By Geothermal, history, 4 weeks ago, ,

# A — Serval vs Monster

Unpacking the problem, we need to find the least multiple of $A$ that is greater than $H$. This is equal to $H$ divided by $A$, rounded up, or $\lceil \frac{H}{A} \rceil$. Using the integer division provided by most programming languages, we can compute this as $\frac{H + A - 1}{A}$, rounded down. (This is correct because when $H$ is equal to $0$ mod $A$, the $A-1$ component will be discarded, but otherwise, adding $A-1$ will be enough to push $H$ to the next multiple of $A$, effectively adding $1$ to the result similarly to rounding up.)

Runtime: $O(1)$. Click here for my submission.

# B — Common Raccoon vs Monster

Given that we can't use the same move twice, our best option is to just use all the moves once, so the amount of damage we can deal is the sum of $A_i$ over all $i$. We can compute this sum and then compare it to $H$, printing Yes if the sum is at least $H$ and No otherwise.

Runtime: $O(N)$. Click here for my submission.

# C — Fennec vs Monster

First, we claim that we should use the special move on the $K$ monsters with the greatest $H_i$. To prove this, note that we should never attack a monster and then use the special move on it (it'd be pointless--we could save a move just by not attacking beforehand), so the special move will always save us exactly $H_i$ attacks when used on monster $i$. Thus, since we want to save as many attacks as possible, we should use the special move on the monsters with the $K$ greatest values of $H_i$.

Now, we need to attack the remaining $N-K$ monsters. We sort the data and take the sum of the $N-K$ (or $0$, if $N < K$) monsters with the lowest $H_i$. We can then print this sum as our answer.

Runtime: $O(N \log N)$. Click here for my submission.

# D — Caracal vs Monster

We claim that the answer is $2^{\lfloor \log_2 H \rfloor + 1} - 1$. We will prove this by strong induction on $H$. The base case, $N = 1$, is trivial: $2^{0 + 1} - 1 = 2 - 1 = 1$, and indeed, we need to use only a single attack to kill the monster, as desired.

Now, for our inductive step, we prove that this answer is correct for some $H$ given that it works for all other values.

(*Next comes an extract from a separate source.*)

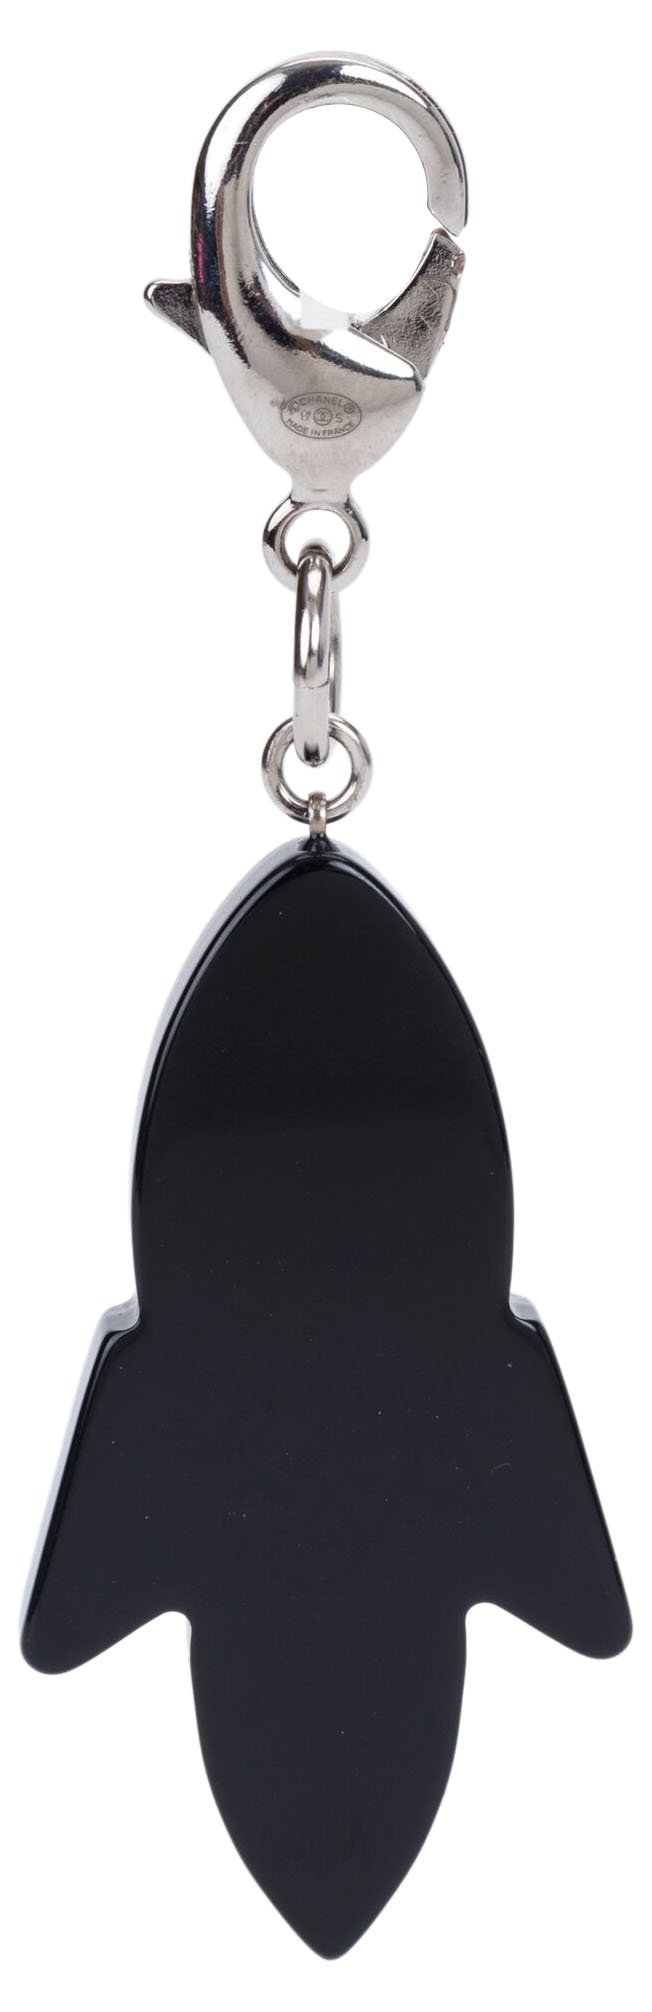 Chanel Lucite Rocket Keychain - Vintage Lux

First, notice that the answer for $H$ is equal to one more than twice the answer for $\lfloor \frac{H}{2} \rfloor$, since after our first attack, we have two independent subproblems with value $\lfloor \frac{H}{2} \rfloor$. Thus, our answer for $H$ is

$2(2^{\lfloor \log_2 \lfloor \frac{H}{2} \rfloor \rfloor + 1} - 1) + 1.$

We can observe that $\lfloor \log_2 \lfloor \frac{H}{2} \rfloor \rfloor = \lfloor \log_2 H \rfloor - 1$. The intuition comes from a basic application of logarithm rules, but we can also prove this formally: note that if $H$ is an odd number greater than $1$, then $\lfloor \log_2 H \rfloor = \lfloor \log_2 (H-1) \rfloor$ and $\lfloor \frac{H}{2} \rfloor = \lfloor \frac{H-1}{2} \rfloor$, so subtracting $1$ from $H$ won't change the result on either side of the equation. Thus, if $H$ is odd, we can subtract $1$ from it, so we can assume $H$ is even. Then, $\lfloor \frac{H}{2} \rfloor = \frac{H}{2}$, and $\lfloor \log_2 \frac{H}{2} \rfloor = \lfloor \log_2 H \rfloor - 1$, as desired, where this final step comes from our logarithm rules.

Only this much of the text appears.